Francesca da Rimini
Music by Sergei Rachmaninoff · libretto by Modest Ilyich Tchaikovsky · premiered 1897 · at Bolshoi Theatre
Francesca da Rimini (Russian: Франческа да Римини), Op. 25, is an opera in a prologue, two tableaux and an epilogue by Sergei Rachmaninoff to a Russian libretto by Modest Ilyich Tchaikovsky. It is based on the story of Francesca da Rimini in the fifth canto of Dante's epic poem The Inferno (the first part of the Divine Comedy). The fifth canto is the part about the Second Circle of Hell (Lust).

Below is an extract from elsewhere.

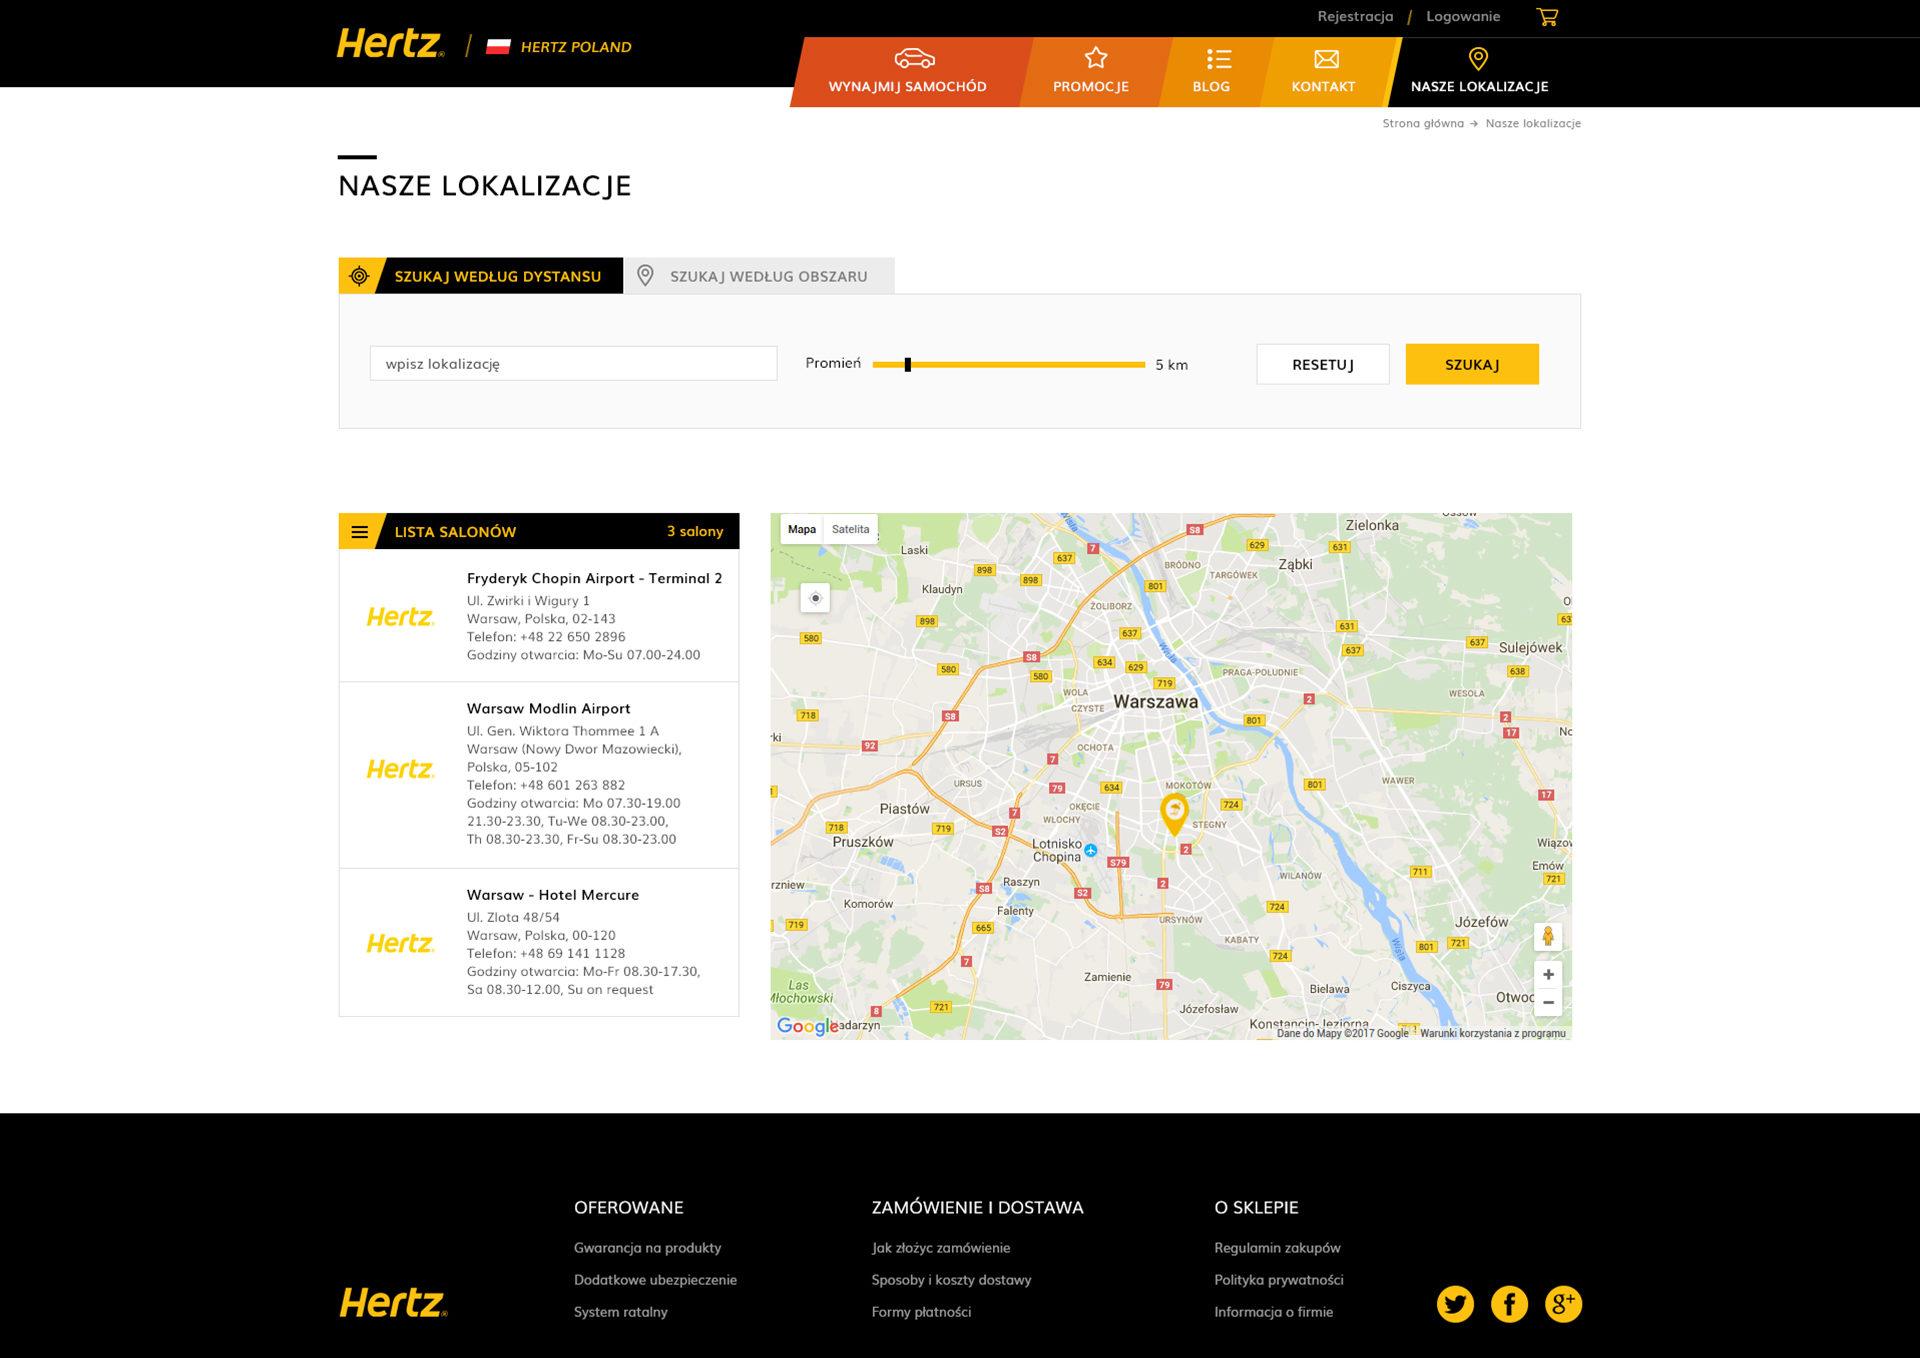 Hertz Polska Magento Ecommerce nasze lokalizacje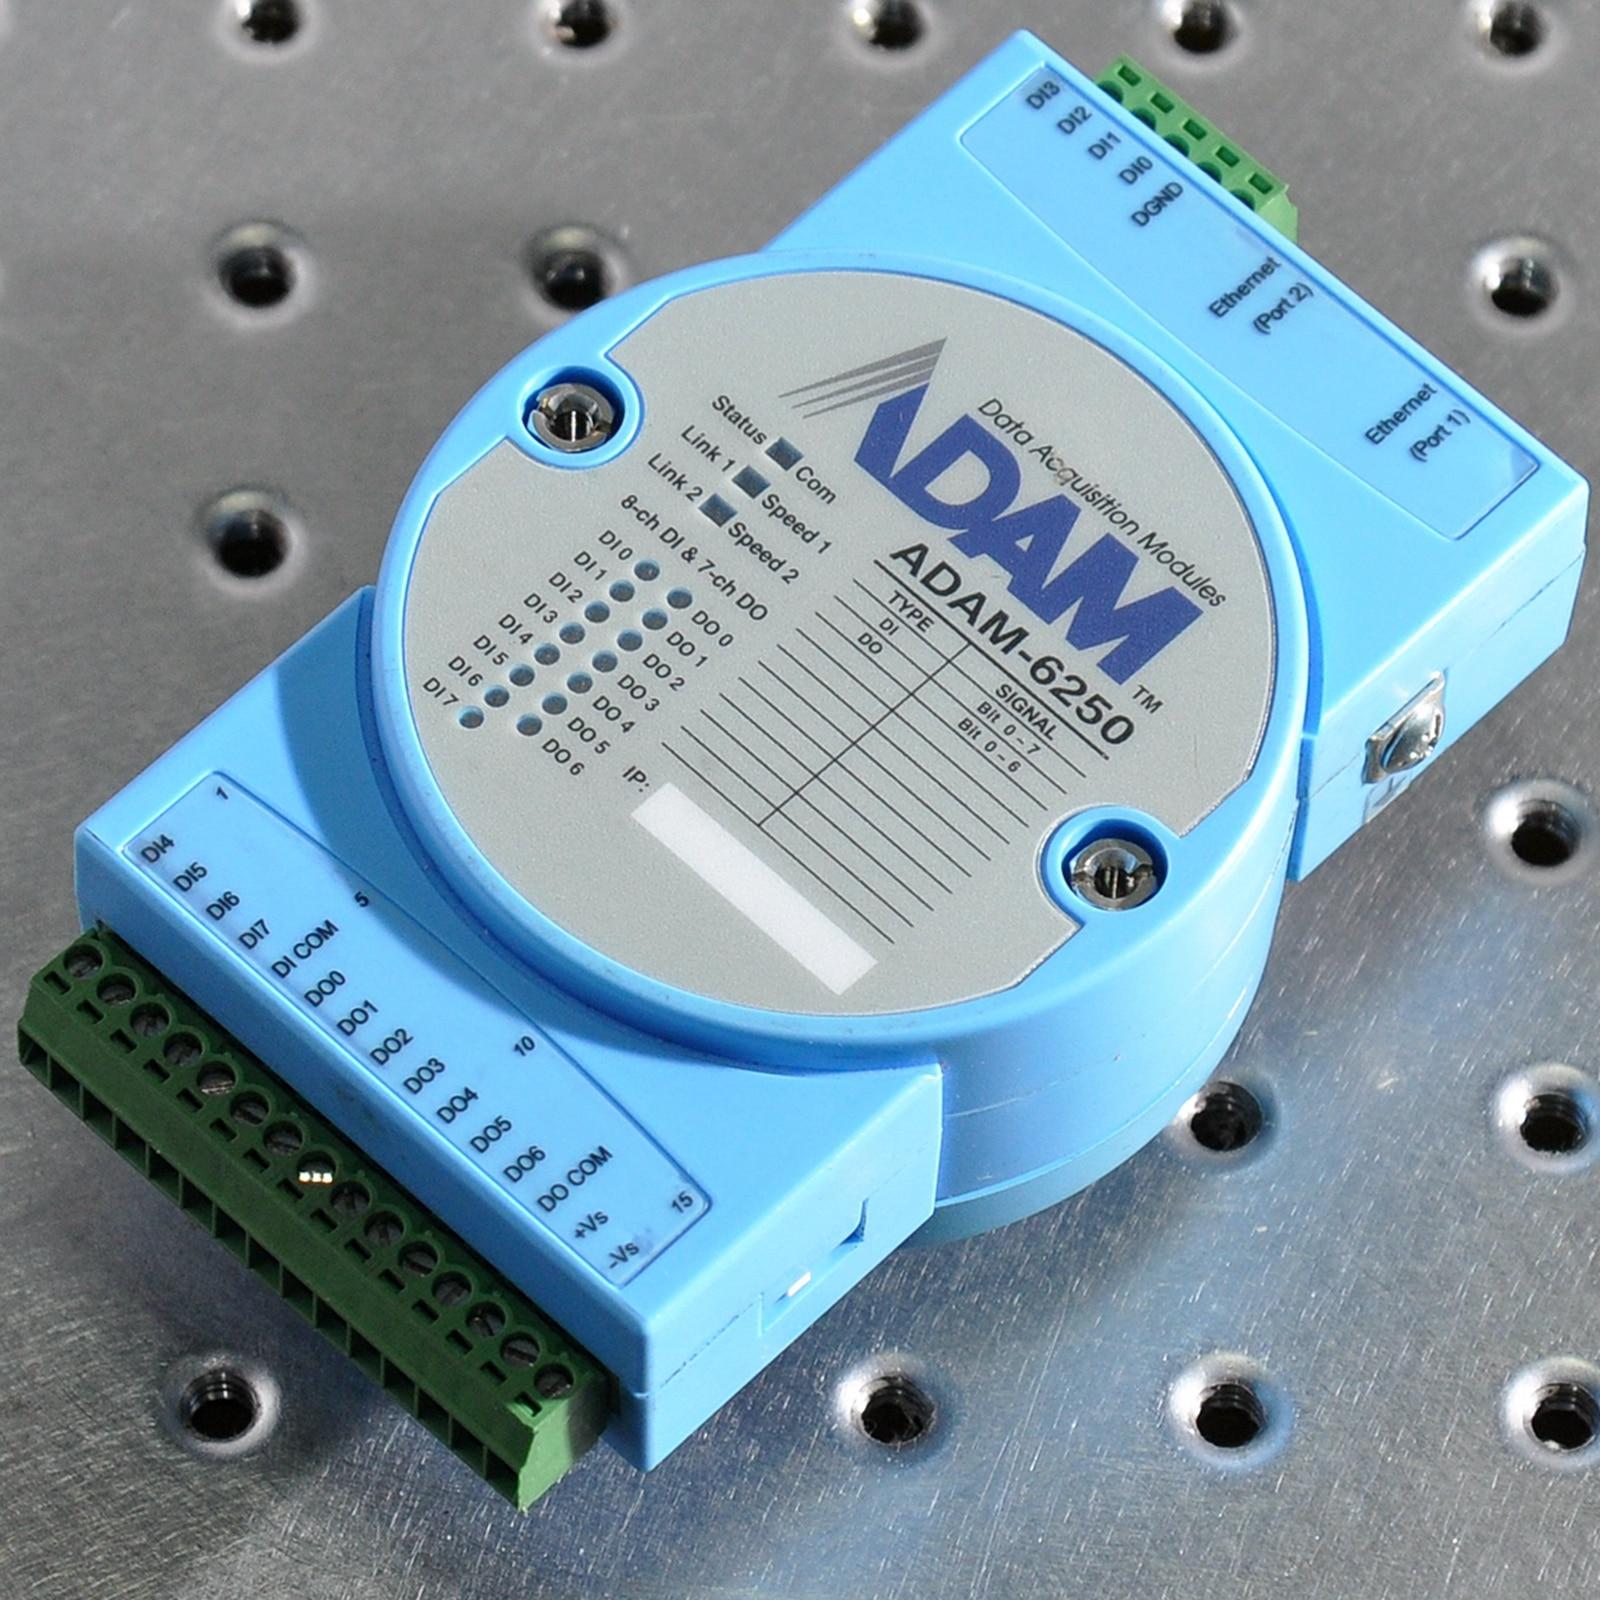 ADVANTECH ADAM-6250 5-port unmanaged industrial Ethernet switch

After the failure of the premiere of his Symphony No. 1 (Op. 13) in March 1897, Rachmaninoff continued to compose some short pieces for piano, song and choral work while appearing in a number of concerts as an opera conductor. Just as he was finally beginning to recover from his ordeal, in January 1900, he had the opportunity to meet with the great Lev Tolstoy. However, he once again lost confidence after receiving harsh criticism for his original song "Fate" (Op. 21–1). After an unsuccessful meeting with Tolstoy meant to revoke his writer's block, relatives decided to introduce Rachmaninoff to the neurologist Nikolai Dahl, to which Rachmaninoff agreed without resistance. Between January and April 1900, Rachmaninoff underwent hypnotherapy and supportive therapy sessions with Dahl on a daily basis for over 3 months, specifically structured to improve his sleep patterns, mood, and appetite and reignite his desire to compose. That summer, Rachmaninoff felt that "new musical ideas began to stir" and successfully resumed composition. In July 1900, Rachmaninoff finally composed the "Love Duet" for Francesca and Paolo, a key scene in the Francesca da Rimini. This was written earlier than his Piano Concerto No.2, which he began composing in the autumn of 1900, and the "Love Duet" became an important work that marked Rachmaninoff's rebirth as a composer.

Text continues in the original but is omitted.